#### [INFORMATION SHOWN]
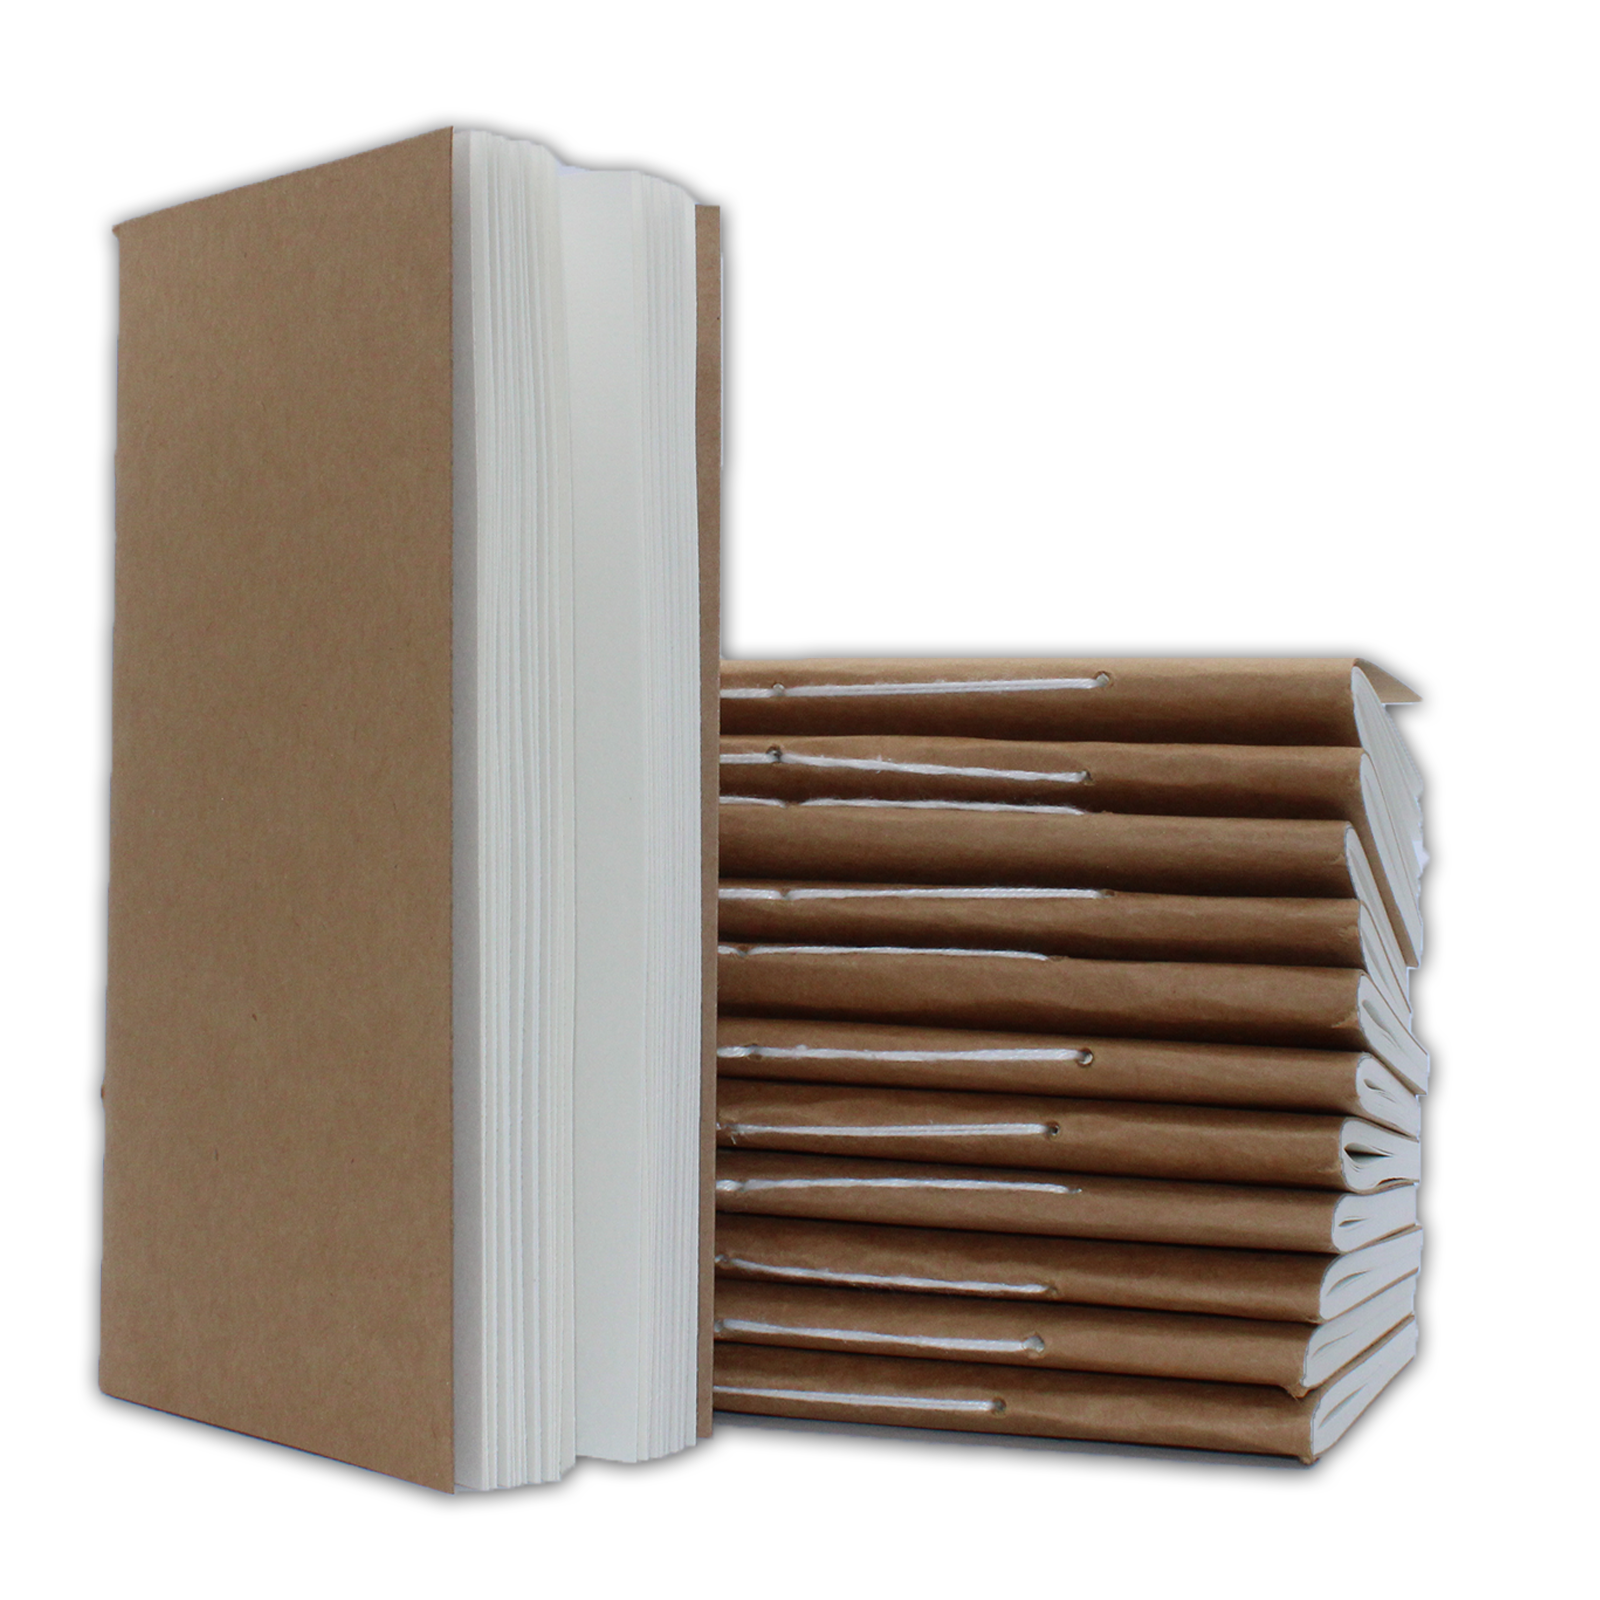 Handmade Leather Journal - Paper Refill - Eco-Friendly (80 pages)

* * *

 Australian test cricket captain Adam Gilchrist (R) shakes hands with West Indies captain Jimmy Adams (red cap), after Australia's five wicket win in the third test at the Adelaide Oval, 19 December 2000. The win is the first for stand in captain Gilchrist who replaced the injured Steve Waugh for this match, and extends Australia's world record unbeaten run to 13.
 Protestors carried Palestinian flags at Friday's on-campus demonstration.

#### [BRIEF]
In the data above, retype exactly and only the lines between the one holding "Australian test cricket" and the one holding "Protestors carried Palestinian", inclusive.

#### [EXERCISE SOLUTION]
 Australian test cricket captain Adam Gilchrist (R) shakes hands with West Indies captain Jimmy Adams (red cap), after Australia's five wicket win in the third test at the Adelaide Oval, 19 December 2000. The win is the first for stand in captain Gilchrist who replaced the injured Steve Waugh for this match, and extends Australia's world record unbeaten run to 13.
 Protestors carried Palestinian flags at Friday's on-campus demonstration.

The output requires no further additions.